正直なところ、これまで「デザイン」という言葉に対して、どこか“魔法”のようなもの——
つまり、デザイナーの個人的なセンスや感性に任せられたもの、というイメージを持っていました。

しかし、エリンさんの話を聞き、さらに参加者の多くを占めていた現役デザイナーの皆さんの意見に触れる中で、
「感性があること」はもちろん、それを実現するためのロジックや手法がきちんとあるということに気づかされました。

コンバージョンの語源は「変えること」。
つまり、デザインを通じてユーザーの行動を意図的に変えること。そのために、観察し、考え、試して、学び続ける——。
今回のワークショップを通じて、そんなひたむきな姿勢を持つデザイナーたちの在り方に、深く心を動かされました。

エリンさんが選んだ「変化の起こし方」

最後に、エリンさんが実際にとった行動をご紹介します。

彼女が選んだのは、なんと「家を買う」というアクションでした。

観光地の近くで実際に家を購入し、自らBooking.comに宿泊施設のオーナーとして登録。
さらに、競合であるAirbnbなどのサービスにもホストとして登録し、
それぞれの審査プロセスを比較・分析しました。

オーナー申請から登録完了までのプロセスをすべて記録し、
スクリーンショットを撮りながら、Figmaなどのツールを使ってユーザーストーリーを作成。

その中で、他のサービスではできているのにBooking.comではできていないこと、
ユーザー(=エリンさん自身)が不快に感じた体験などを洗い出し、
改善ポイントとして社内に持ち帰りました。

そしてそれが、ユーザー視点に立った具体的な改善提案となり、
最終的にサービス全体の品質向上へとつながっていったのです。

おわりに

UX DAYS TOKYO 2025の感想…と言いつつ、気づけばほとんどエリンさんの紹介がメインになってしまいました。
それほどまでに、彼女のデザインに対する情熱が強く、私自身も大きな刺激を受けました。

……と、ここまで書いてきて、最後の最後に UX DAYS TOKYO そのものについての紹介をすっかり忘れていたことに気が付きました。失礼いたしました。

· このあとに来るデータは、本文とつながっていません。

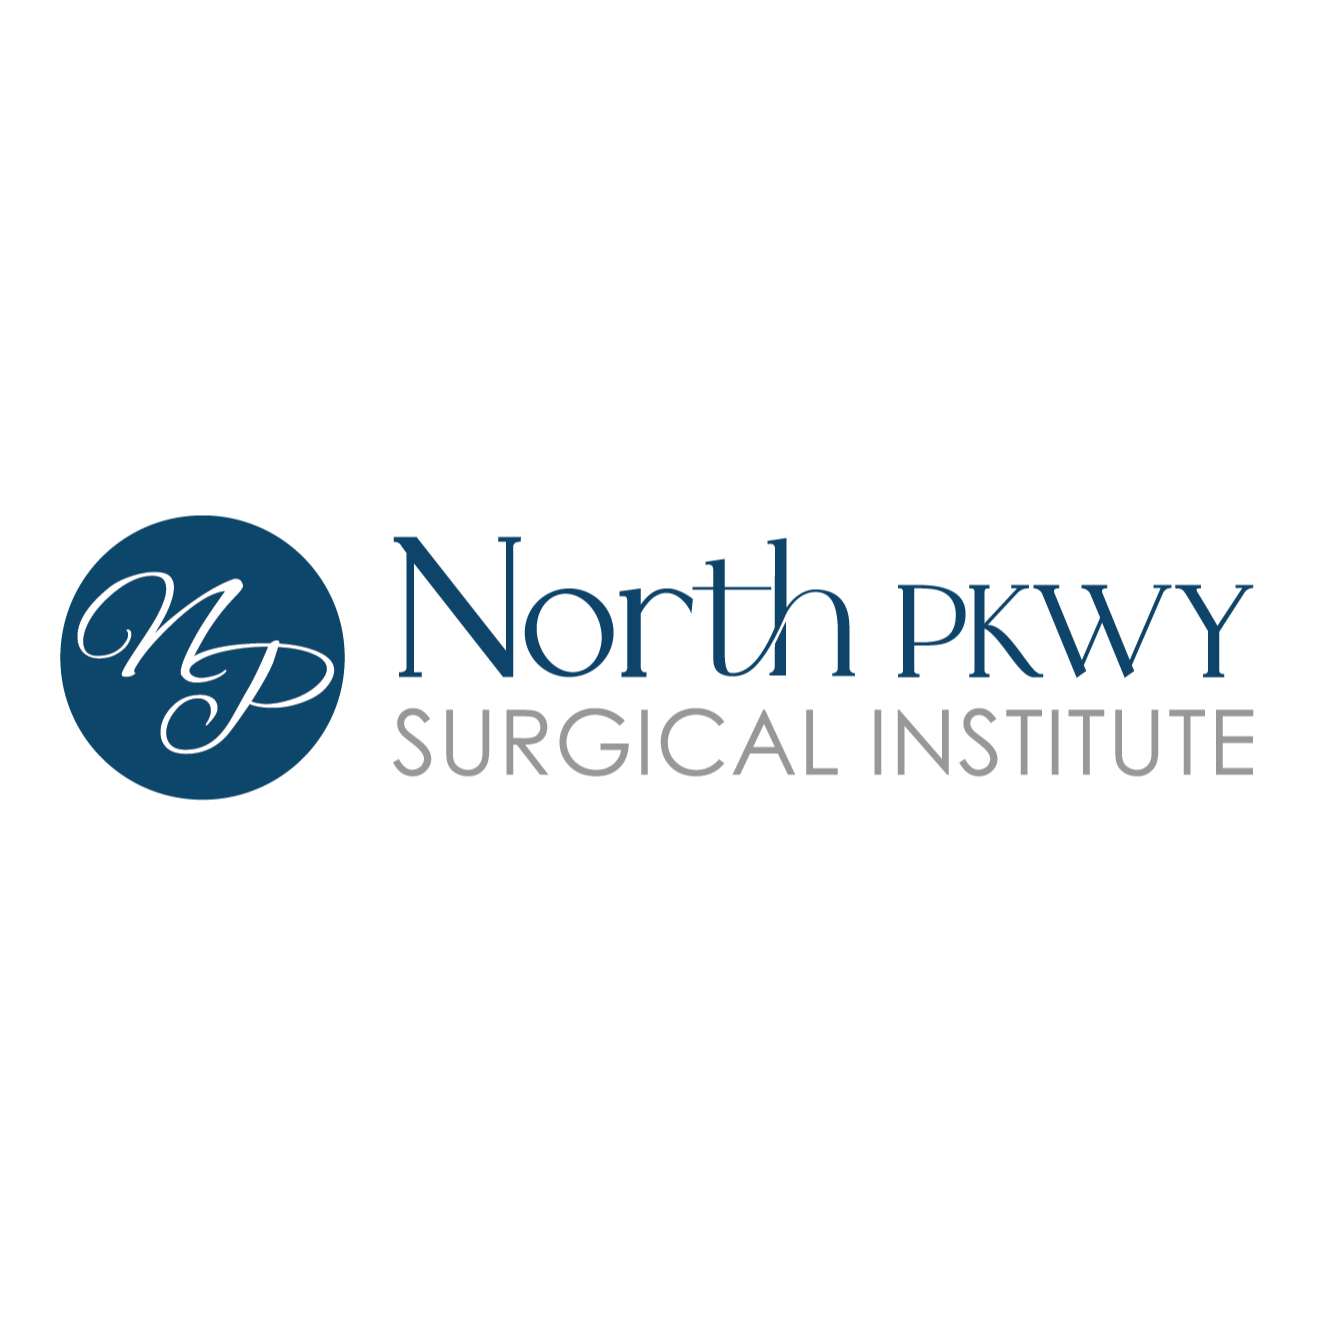 North PKWY Surgical Institute - Dallas, TX 75231 - (972)884-4400 | ShowMeLocal.com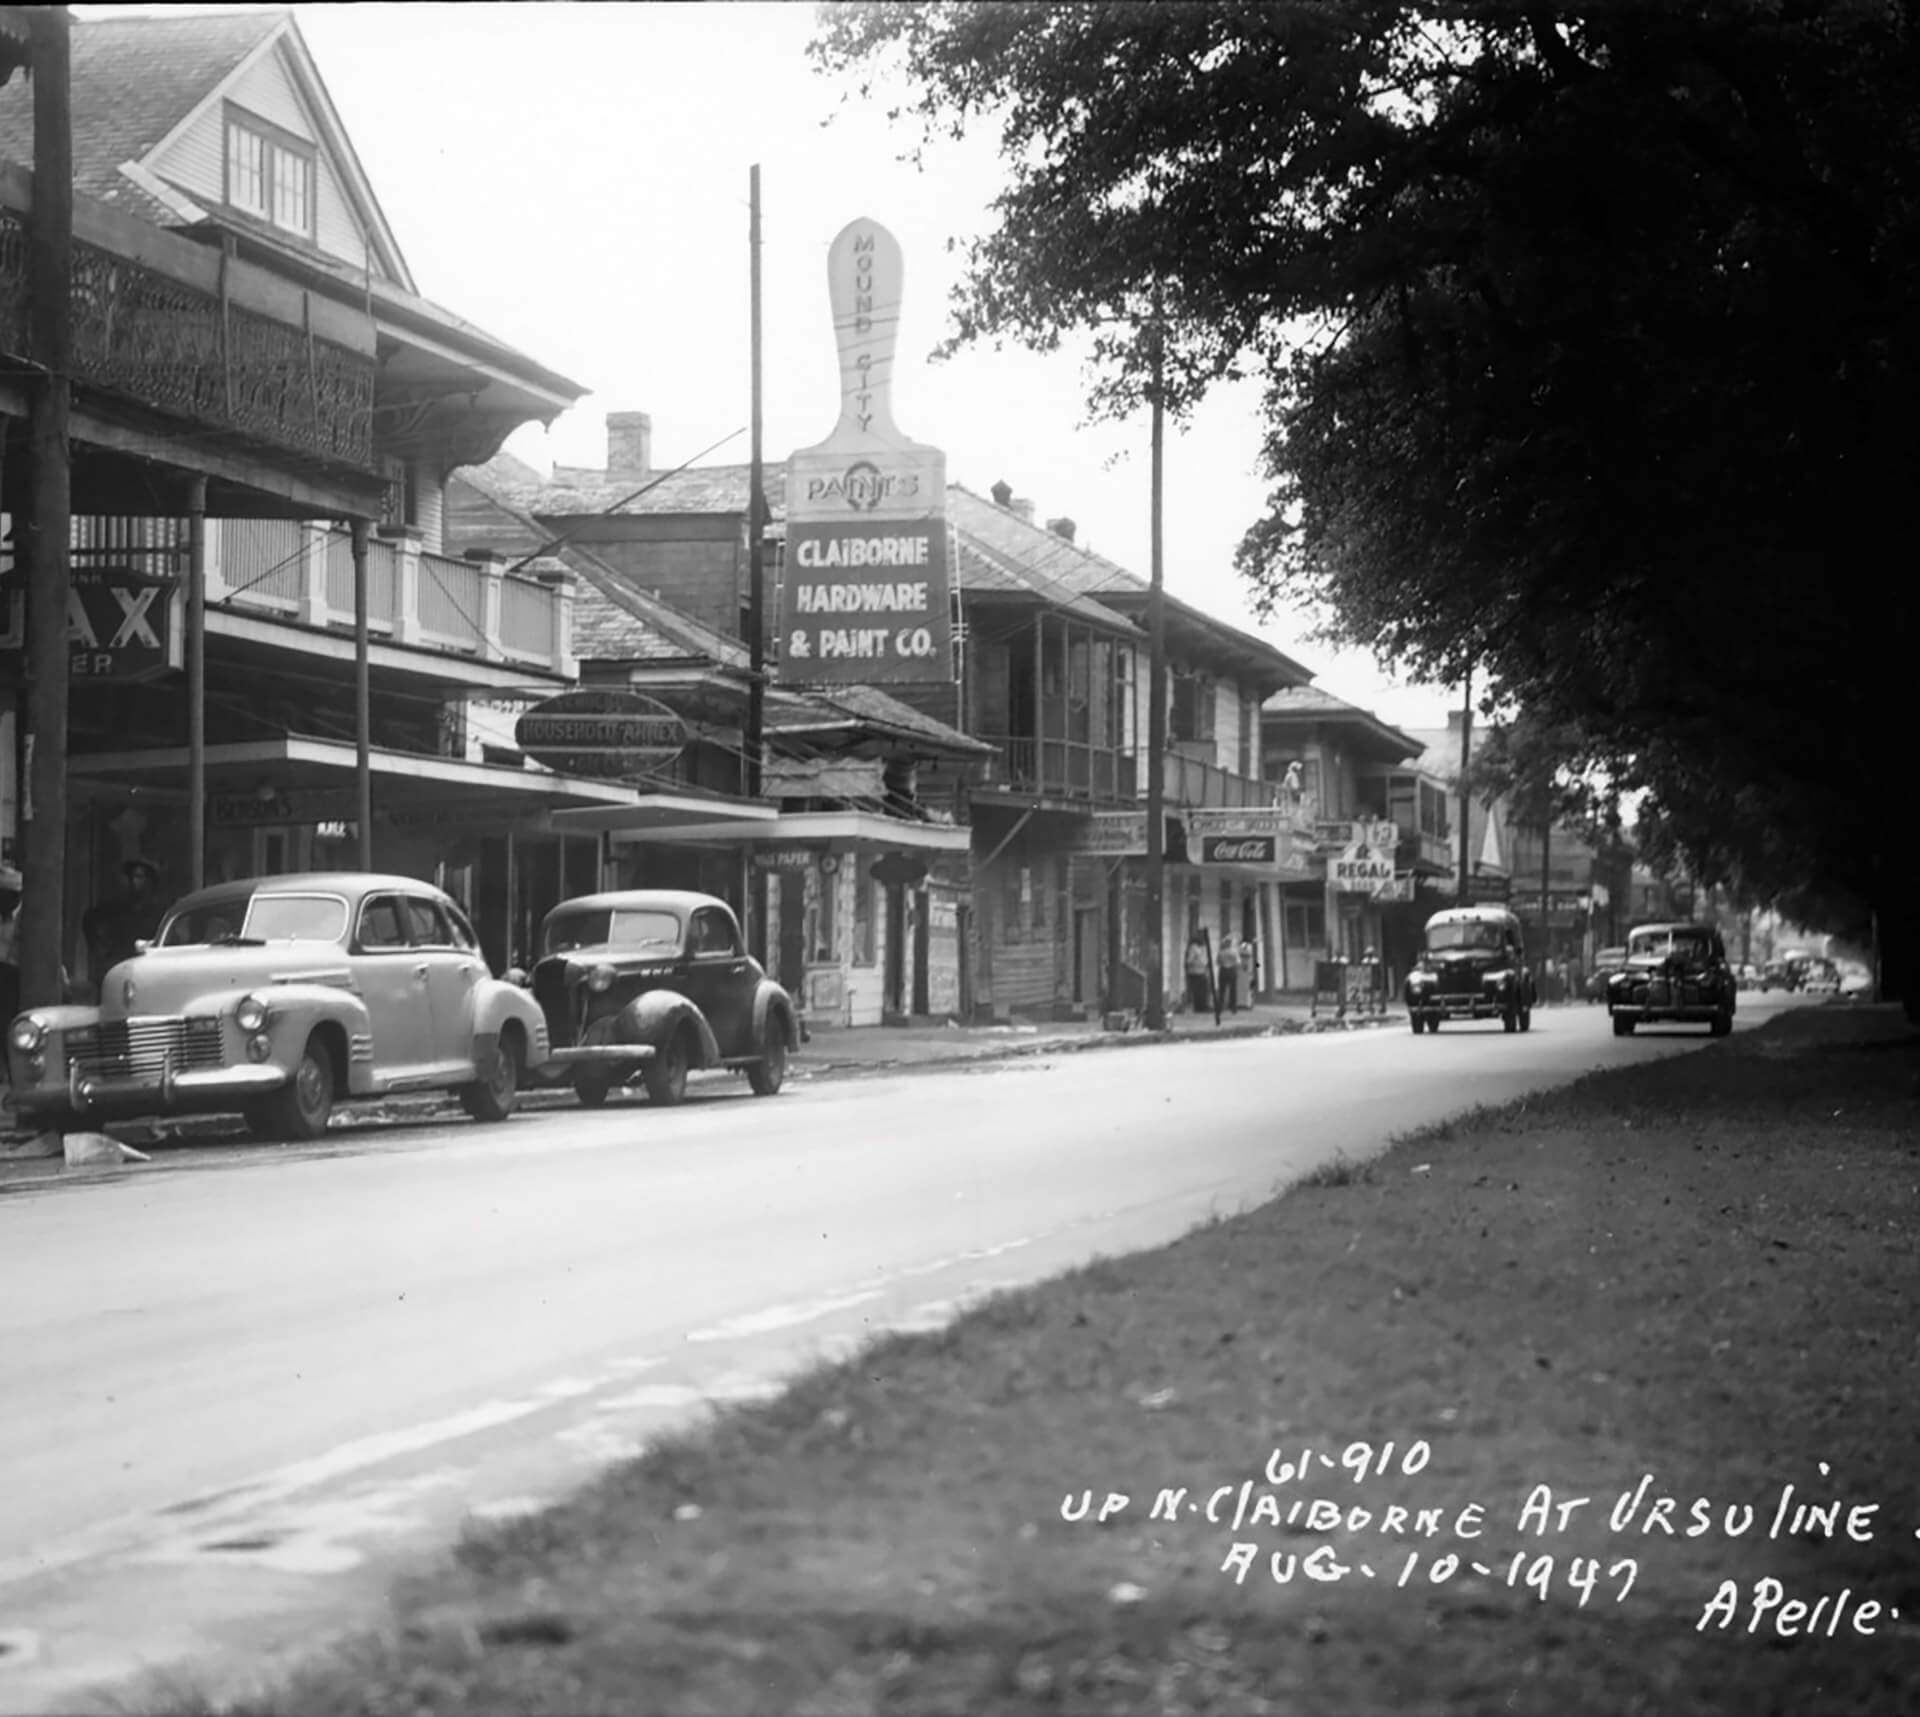 A historical photograph of Claiborne Avenue near Claiborne Hardware and Paint Co

UX DAYS TOKYO は、国内外の第一線で活躍するUXデザイナーやリサーチャーが集い、最前線の知見や実践を学べる日本最大級のUXカンファレンスです。講演やワークショップを通して、UXにまつわる多様な考え方や手法に触れることができます。2025年は「持続的に成長する組織へ」をテーマに開催されました。

参加のきっかけは、実は弊社がスポンサー(シルバー)を務めたことです。初日のカンファレンス、2日目のワークショップなど、どれも実り多く、控えめに言っても最高のイベントだと感じました。講演を聴いたり、他の参加者と交流する中で、デザイナーたちの思考の本質に、ほんの一端でも触れることができたように思います。

このような貴重な学びの場を提供してくださった運営の皆さま、そして参加の機会をくださったアットウェアの先輩方に、心より感謝いたします。

本当に、ありがとうございました。